А туг послышалось из гроба:
— Чего торгуешься, дурища. Плати, сколько просят.
У Леппа аппарат об пол, в глазах потемнело, в голове помутилось. Аппарат, правда, остался цел, в глазах просветлело, но в голове прояснилось только через полгода, когда из желтого дома воротился.
Н-да… Вот и посылай карточки с блеском за границу. Леппу я и полсловечка не пикну, как в гробу домой ехал.
Н-да… Хорошо бы повернуться. Ляжки и лопатки ломит, в затылке тяжесть. Но каким макаром ты повернешься, тварь неразумная. Не шелкопряд в коконе, чтоб крутиться, куда вздумается. Всеми ветрами продутое, сетями тертое тело рыбака не крутится, как попка у балерины. Ревматизм в костях засел, куда от него денешься.

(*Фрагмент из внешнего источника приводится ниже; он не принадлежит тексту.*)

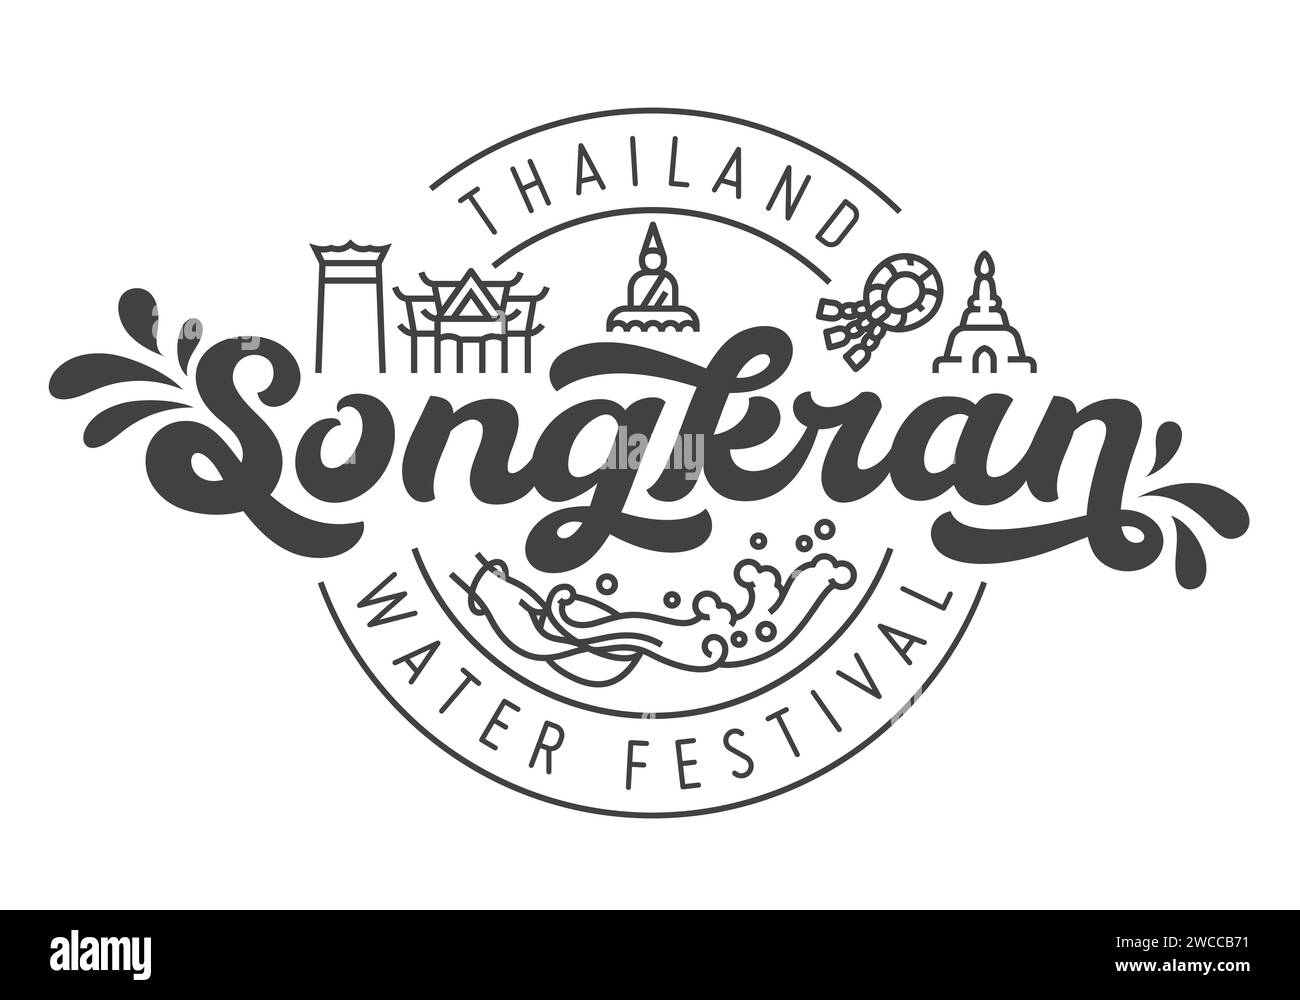 Songkran thailand Wasserfestival Logotypendesign mit linearem Symbol des thailändischen Symbols: buddha, Tempel, Blumengirlande, Pagode, Riesenschaukel und Wasserspritzer Stock Vektor

И у Ракси был ревматизм в костях.
Всякая собака на своего хозяина смахивает. Право слово. Как с утра пасмурно, кости у Ракси трещали и хрустели не хуже, чем у меня. По нему погоду вполне можно было предсказывать вернее барометра. Зимой, бывало, начнет в снегу валяться, через три дня беспременно оттепель. И штормового предупреждения не требовалось. Как от шерсти запах пойдет, жди плохой погоды, несмотря что телевизор полный штиль обещает.
В тот день, когда Ракси взял ружье и отправился в лес, от шерсти у него запах шел.
Мог бы и до лучших времен погодить. Но ружье он взял и в лес пошел, и как только седой его хвост пропал в кустах, тут же с юго-запада паскудный ветерок задул, лес зашелестел, зашуршал, зашумел, по небу поползли низкие тучи, снег повалил изо всех дыр и сыпал день и ночь без передышки. Залепил и ствол ружейный и старые Раксины глаза. Да… Не разглядел обратную дорогу.
Ведь мог я не пустить его. А вот не смог. Такой он весь седой был, может, думаю, последнее это твое желание, Ракси, этак беззаботно, прихрамывая, прогуляться по лесу, еще разок обойти на Абруке все знакомые места, полаять на знакомых косуль и задрать ногу на знакомые кусты. В глубине души у всякого старика играет молодой дух. Щенком Ракси все можжевельники на Абруке обшарил, все кочки переворошил. Я ему полную свободу давал. Это целая история, как Ракси свободу получил.
Мне ясно было сказано: «Собака должна дом сторожить, а не за кошками гоняться».
Марге сказала.
Что будешь делать, поехал в Кингисепп за цепью. Собака дома осталась, забилась под стол, глаза мокрые. Ума-то ей не занимать. А я в Кингисеппе три дня просидел у Леппа в темной комнатушке, на столе бутылка, глаза мокрые. Невмоготу было мне за цепью идти. Ну, ладно лодка — ей цепь положена, чтоб шторм борта не разбил, и катер пускай на якоре стоит, чтоб без хозяина не остался, и дереву полагается корнями в земле сидеть, чтоб не засохло, а собака пускай свободная будет, потому что она рождена свободной и свобода самая для нее большая радость.
Домой без охоты ехал. Все равно как вошь в баню. Три дня не брился, три дня не ел ничего, так что даже вздохнуть сил не было, когда Марге принялась горячо приветствовать. Сидел, опустив голову, молчал, а пес повизгивал и лизал под столом мою руку, как ребенок леденец. Ума-то ему не занимать. Он до донца жизни этого не забыл. Его верность была трогательнее, чем любовь родных детей.